Em tempos de crise, pode ser difícil para os profissionais de marketing saber por onde começar. Em poucas e curtas semanas, as pessoas entraram em modo de segurança, focadas em si mesmas, suas famílias, seus funcionários, seus clientes e suas comunidades. As mídias sociais refletem isso, com apelos para que os cidadãos sigam as diretrizes de segurança do governo. As pessoas deixaram de lado o partidarismo para se unir e trabalhar juntas contra uma força invisível em seus bairros e comunidades.

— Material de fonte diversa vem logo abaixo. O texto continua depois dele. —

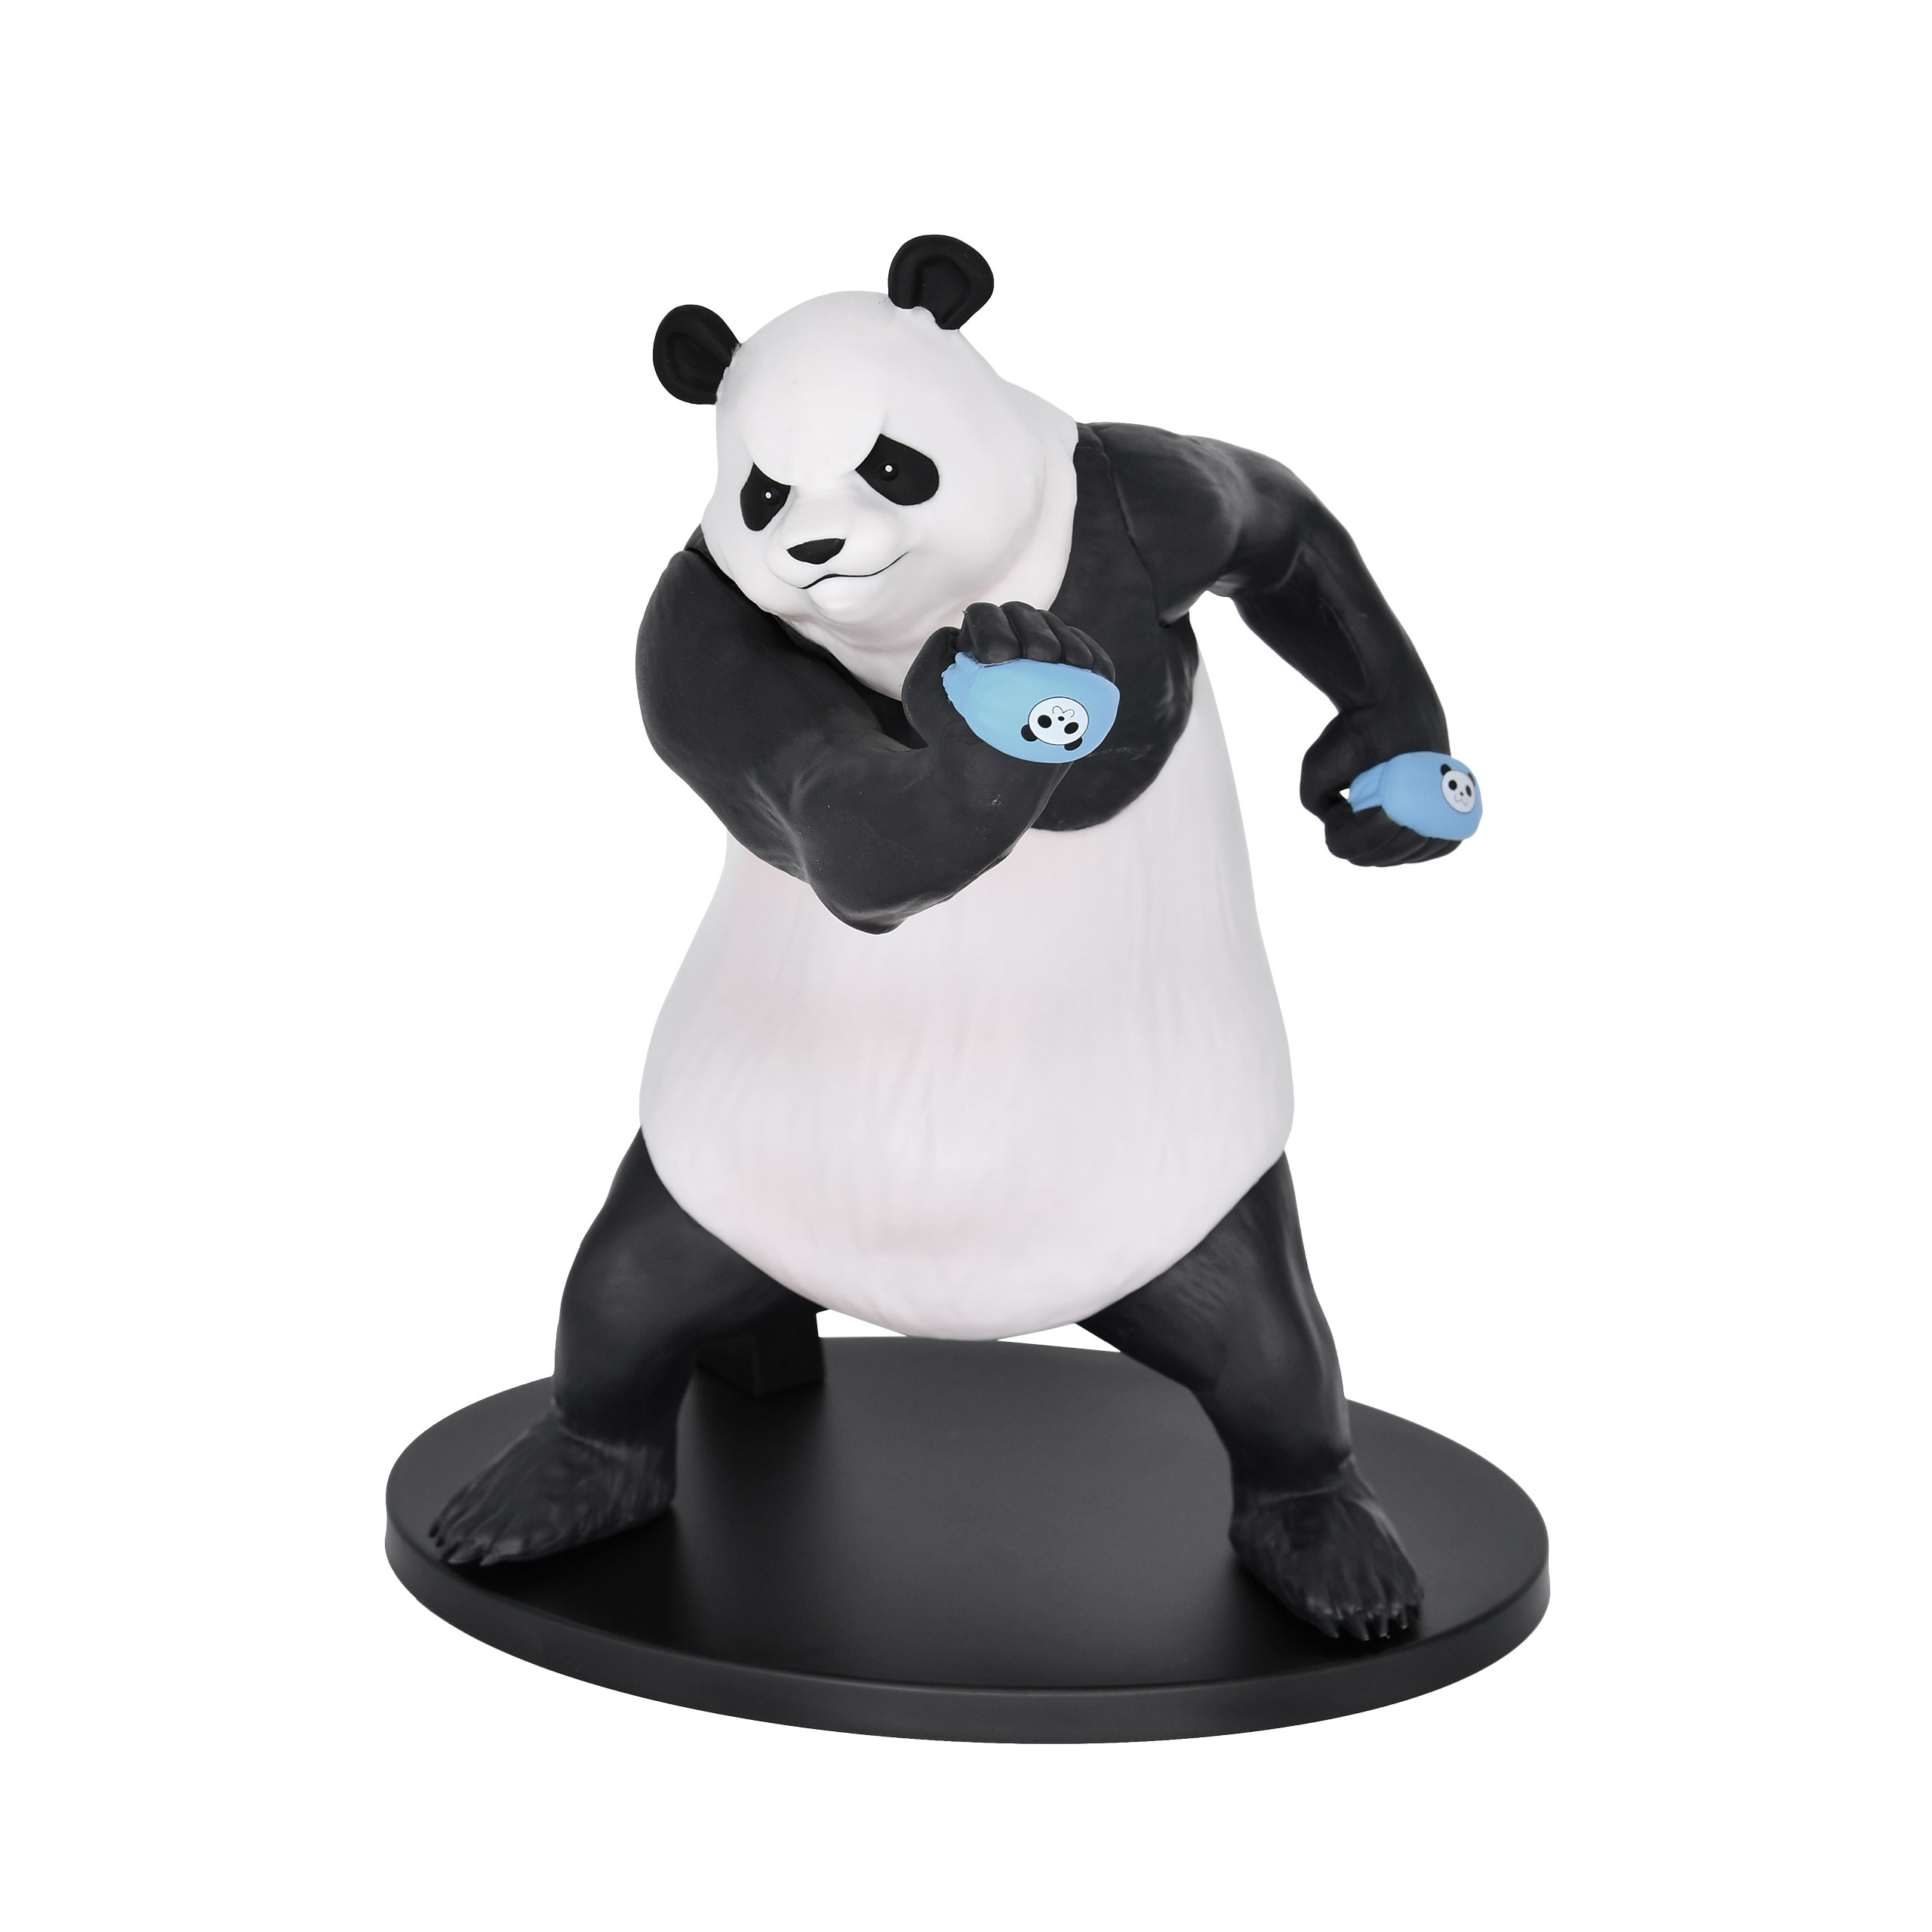 Jujutsu Kaisen - Panda Figure Version B

Devido ao distanciamento social que mantém muitos em casa, vivenciamos também, grandes mudanças nas tendências comportamentais. Os consumidores retornaram para os canais de TV aberta e a cabo, assim como para outras mídias premium, em busca de informações confiáveis. Procuram, também, mais escapismo e entretenimento — baixam aplicativos de jogos, passam ainda mais tempo nas mídias sociais e fazem mais streaming de filmes e de programações com enredo. Entre trabalhar remotamente e fazer academia ao vivo por streaming, assistir a palestras da faculdade e participar de compromissos sociais, testamos a banda da internet de casa em um mundo basicamente pré 5-G.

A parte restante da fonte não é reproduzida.